*DATA BLOCK*.
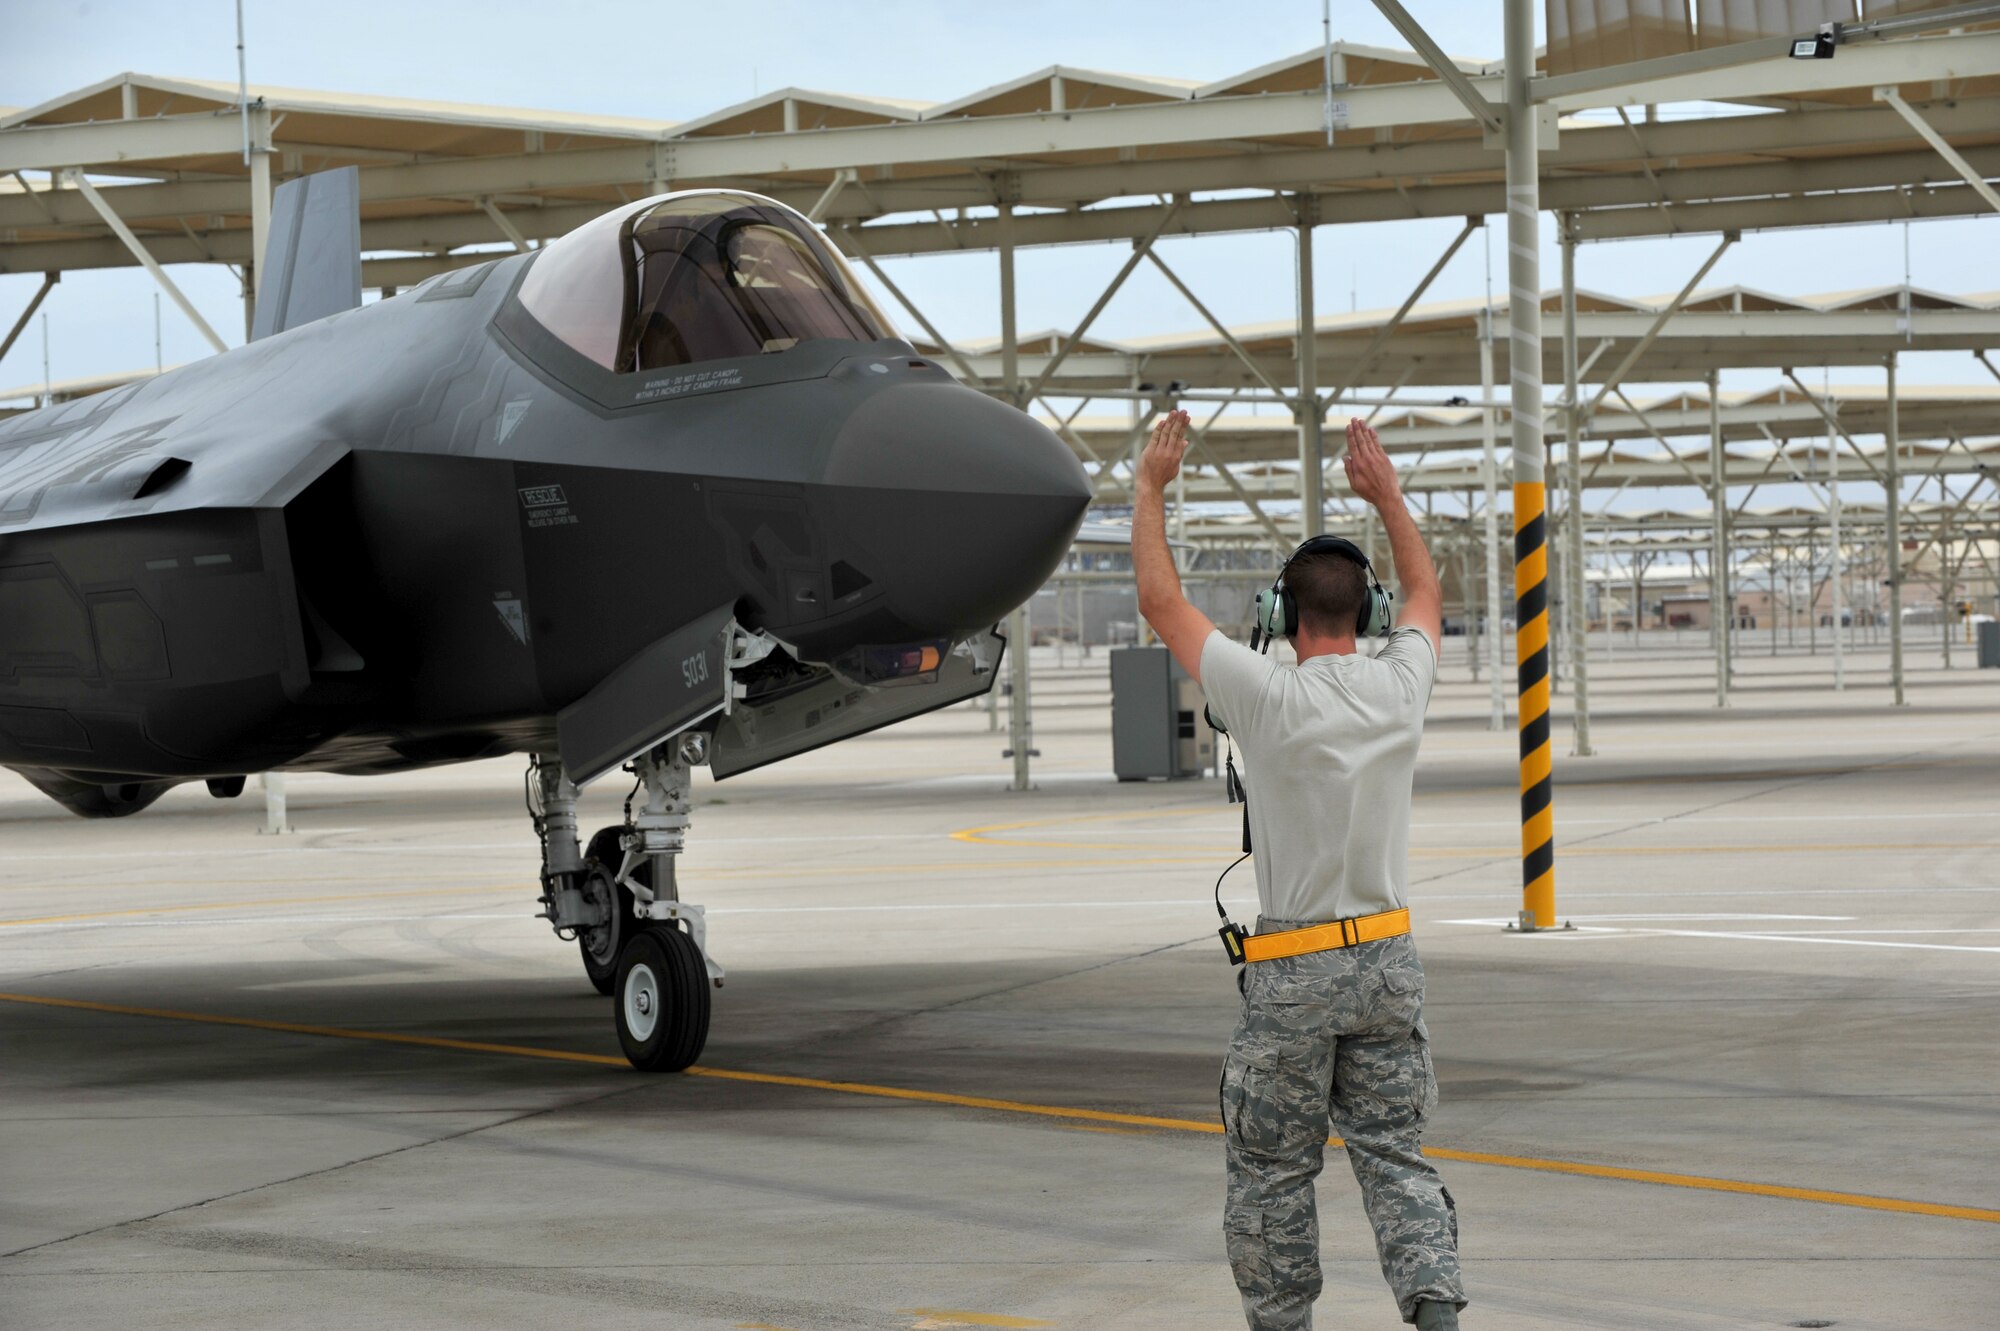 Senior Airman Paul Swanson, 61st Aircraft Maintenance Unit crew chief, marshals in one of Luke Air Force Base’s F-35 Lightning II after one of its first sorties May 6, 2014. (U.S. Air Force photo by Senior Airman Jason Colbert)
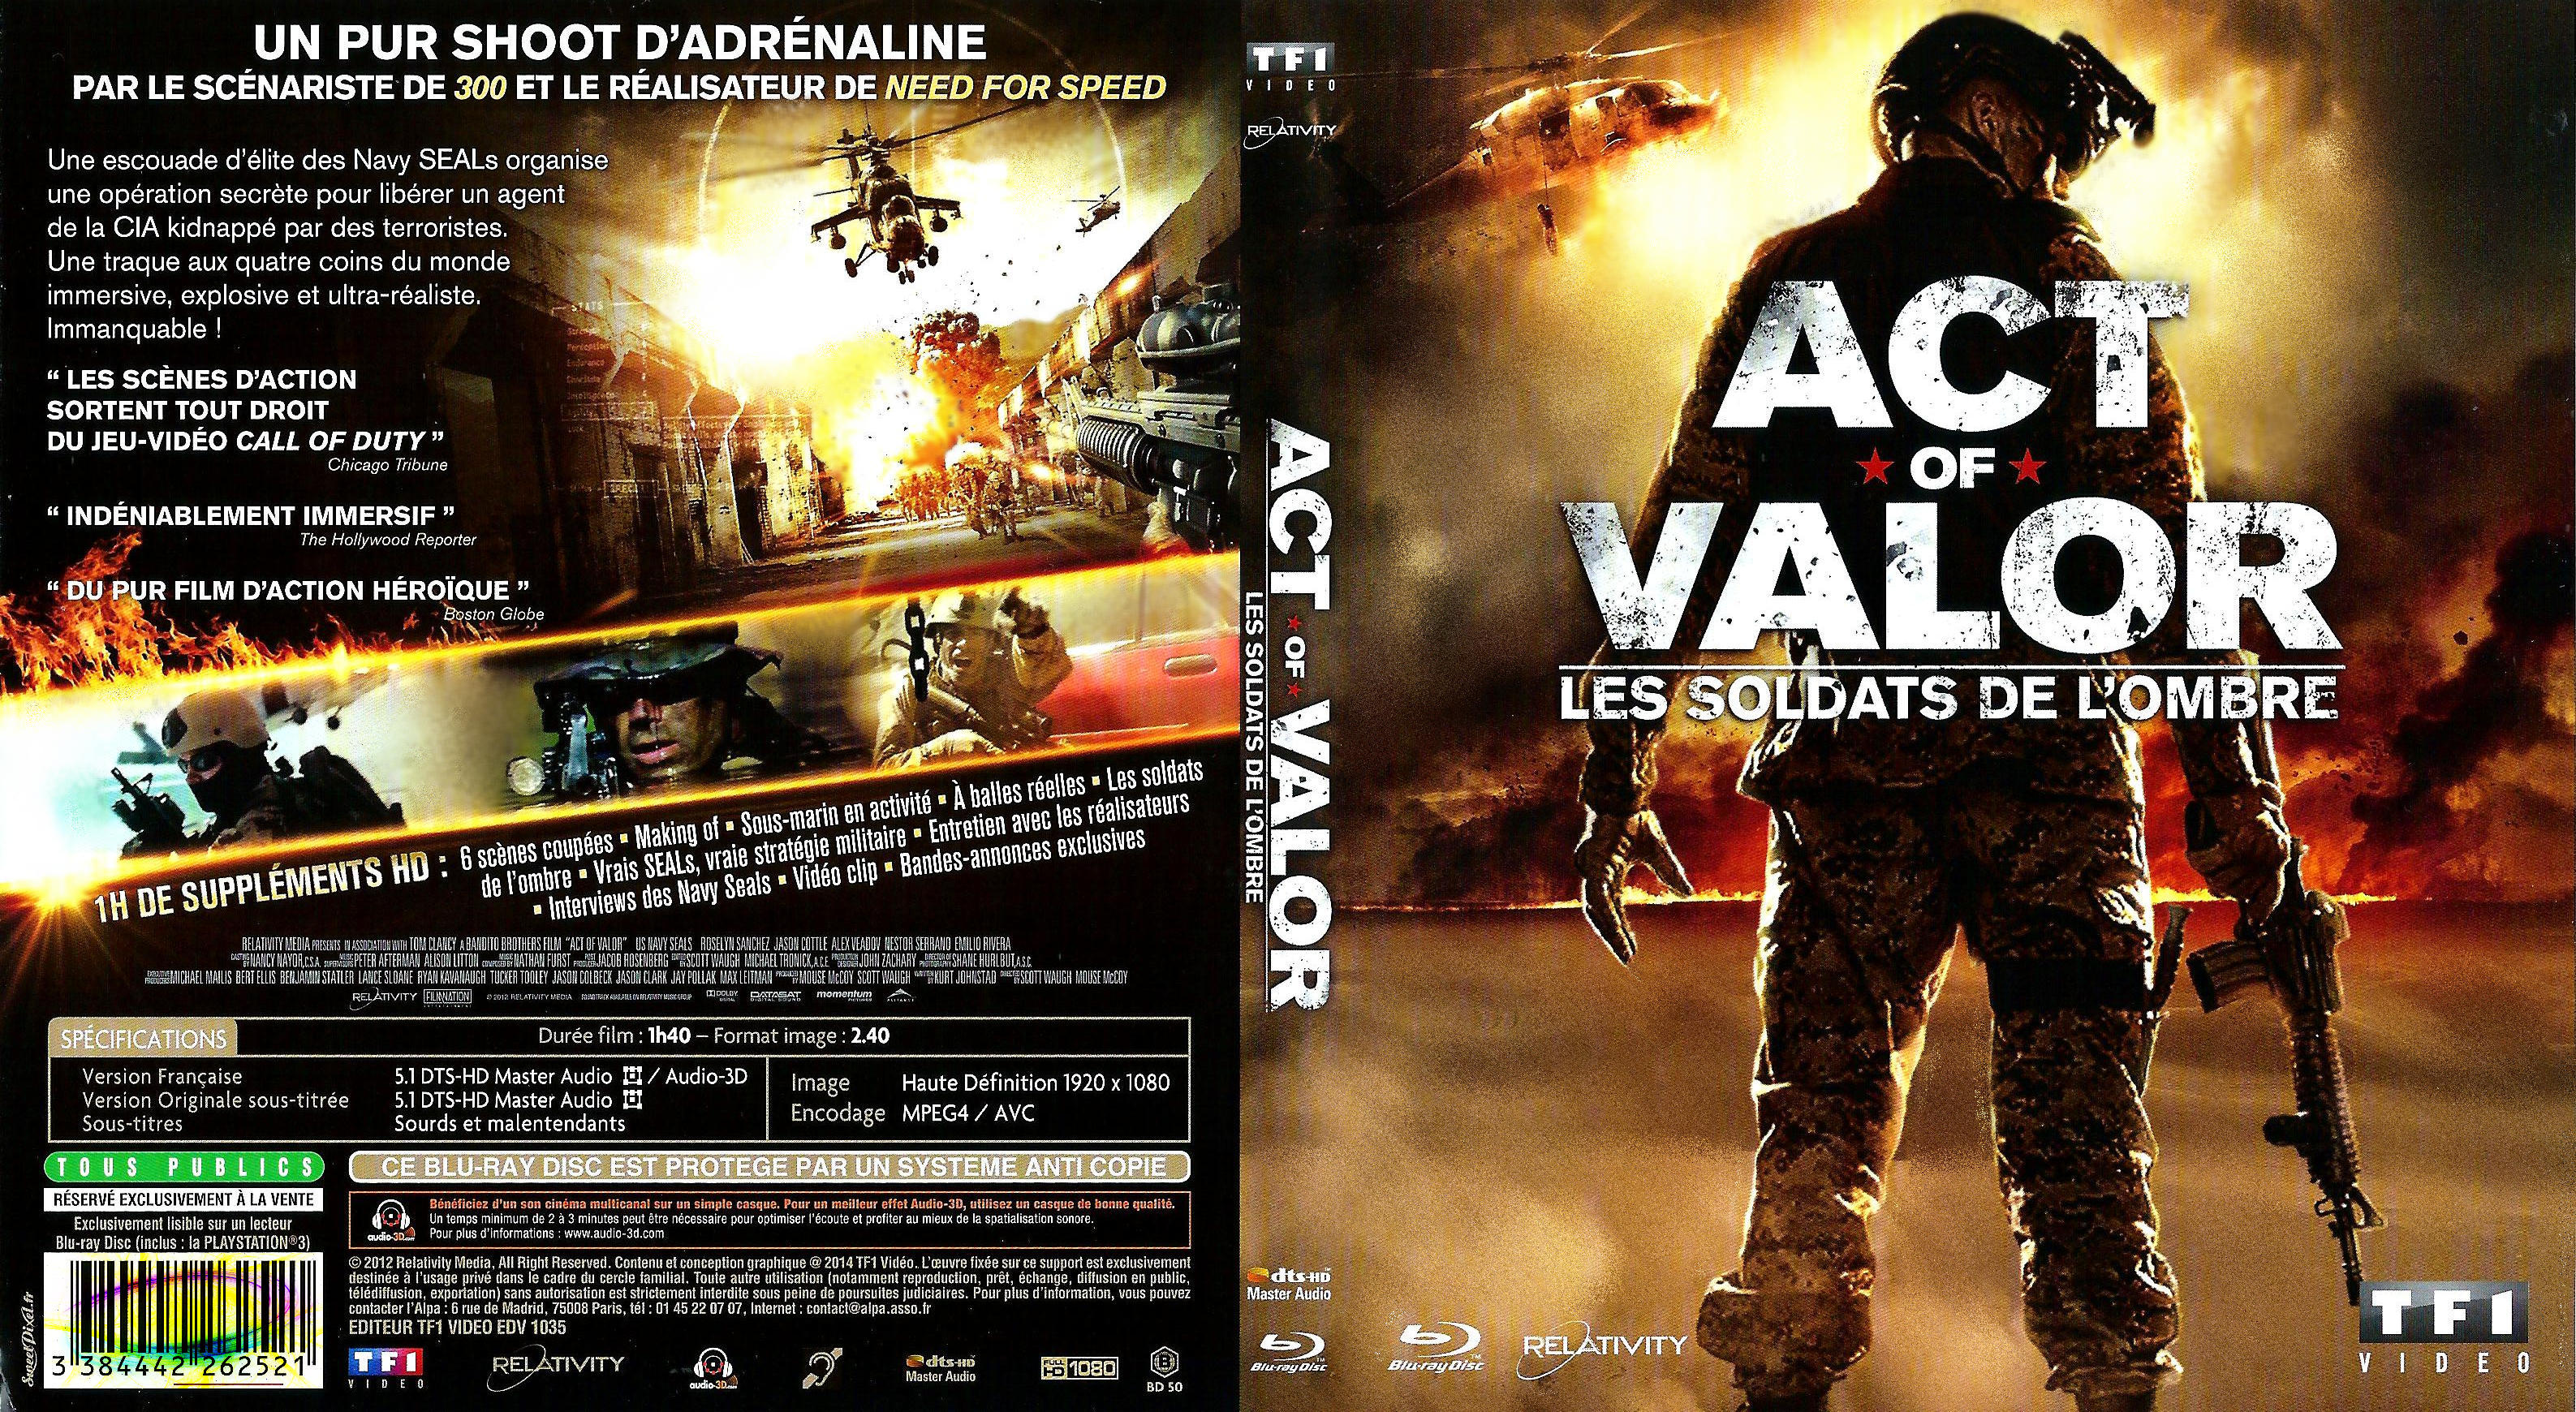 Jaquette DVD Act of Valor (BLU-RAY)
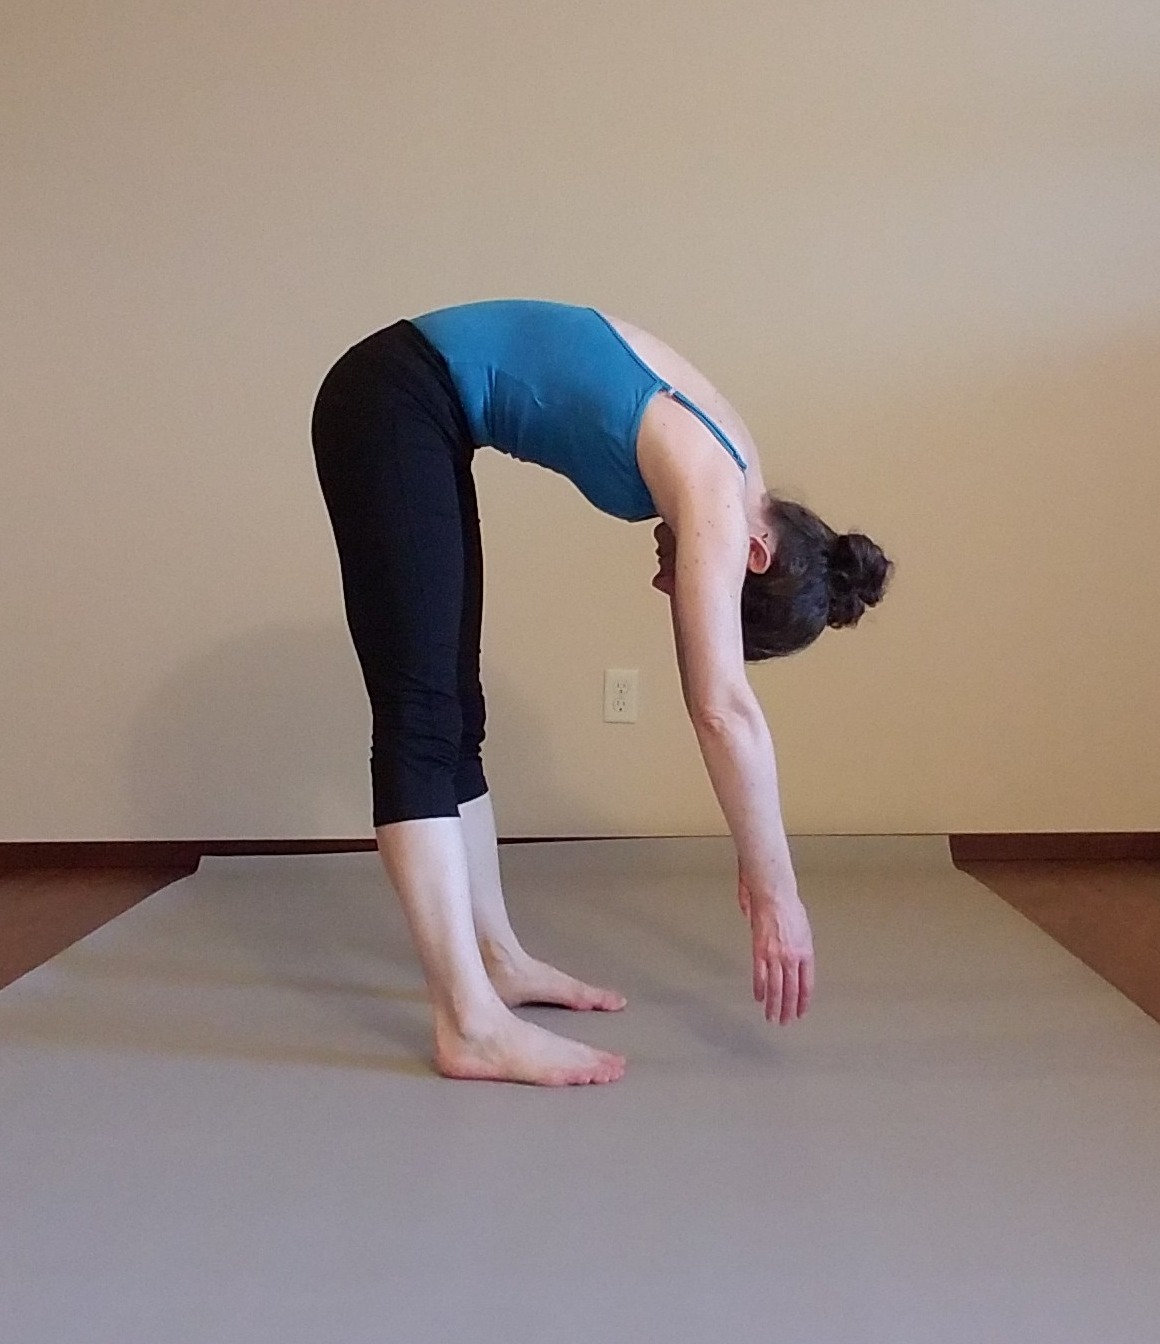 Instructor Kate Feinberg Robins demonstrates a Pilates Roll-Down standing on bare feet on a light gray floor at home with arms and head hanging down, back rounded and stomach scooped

*ASSIGNMENT*.
Whenever a line holds a picture, print that line without the picture. All other data must be output exactly.

*RESULT OF THE EXERCISE*.
 Senior Airman Paul Swanson, 61st Aircraft Maintenance Unit crew chief, marshals in one of Luke Air Force Base’s F-35 Lightning II after one of its first sorties May 6, 2014. (U.S. Air Force photo by Senior Airman Jason Colbert)
 Jaquette DVD Act of Valor (BLU-RAY)
 Instructor Kate Feinberg Robins demonstrates a Pilates Roll-Down standing on bare feet on a light gray floor at home with arms and head hanging down, back rounded and stomach scooped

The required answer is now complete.